В Мусе чувствовалась та уверенность в себе, которая казалось, отличает настоящего мужчину, от других людей. Она была в нем естественна и органична, будто переданная ему с генами или с молоком матери. Сейчас все чаще Владимир видел, что в людях нет этой уверенности, и они легко унывают перед каждой трудность, истерят. В этой уверенности ощущалась природная цельность этого человека, привлекательная даже в его пороке.
-Он, кстати по твою душу, это я его сюда позвал, - продолжил пьяным голосом Волков, он стал каким-то неестественным, напряженным. Родионов перенес это на счет неожиданного появления нового не совсем уместного человека.
-А ты помнишь, друг мой Вова ты просил меня найти подработку для тебя несчастного солдафона, хотя бы так, на выходные, и я обмолвился вот об этом при Мусе. Он спросил хороший ты человек и ручаюсь ли я за тебя?

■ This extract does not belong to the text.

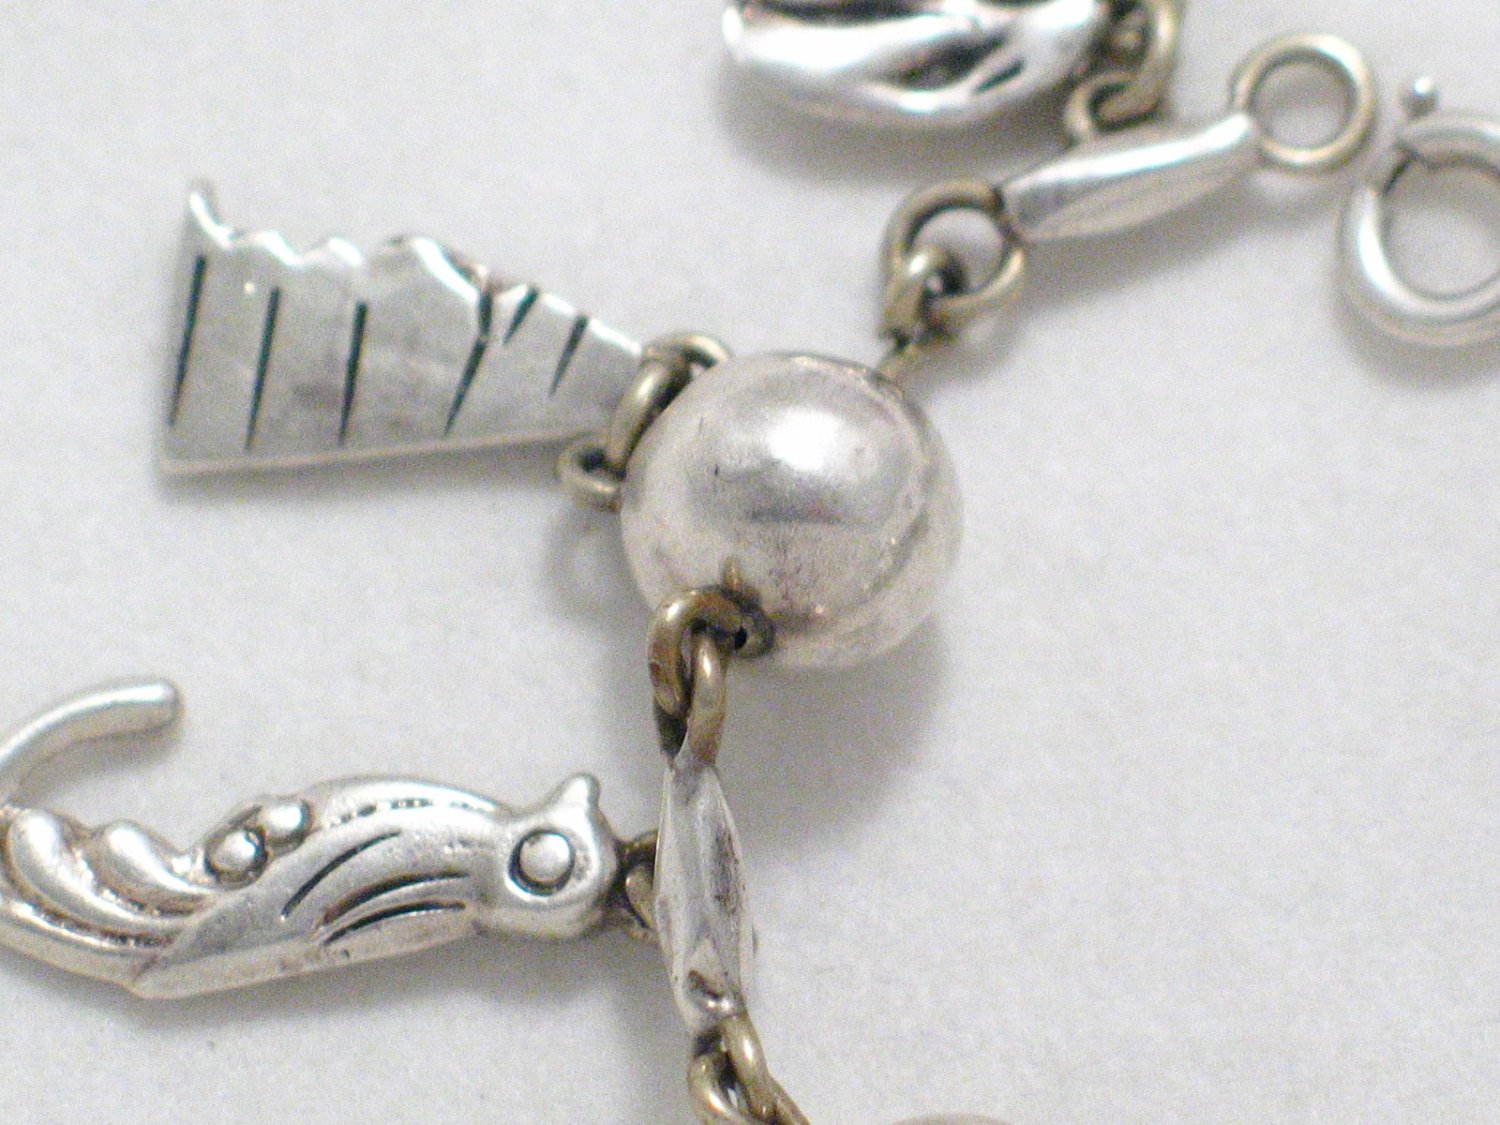 Bracelet | Vintage Sterling Silver Mexican Mayan Ball Chain Charm Bracelet 7" | Jewelry

Я сказал: "да, ты тот человек, с которыми я бы в разведку пошел! Я ручаюсь за тебя". И тогда он предложил мне, вернее себе... тьфу ты, тебе помощь. Понимаешь у нас людей бизнеса принято помогать друг другу. А ты же просто клад. Цены себе не знаешь! И такие люди сейчас всем нужны. А где им - работодателям найти сегодня, в наше страшное время, человеческий продукт, выпущенный еще в Союзе и кроме того со знаком качества? Все больше и больше душевный брак и умственная некондиция. Хотя, и, правда, наверное, техническое задание на выпуск человека сейчас поменялось. Самое главное, никакого контроля нет. Но все предпочитают надежную старину кого-то вроде нас с тобой! Старый конь борозды не портит! -
И Сергей азартно подмигнул, рассмеялся и выпил рюмку без всякого тоста и приглашения последовать за собой и после даже не закусил. Фальш всей ситуации почувствовалась Родионовым, оцарапала острыми краями недоумения его душу, но он был тоже уже немного пьян и реагировал, молча, с холодным интересом зрителя, а что, же будет дальше? Куда эта тропинка позовет его за собой?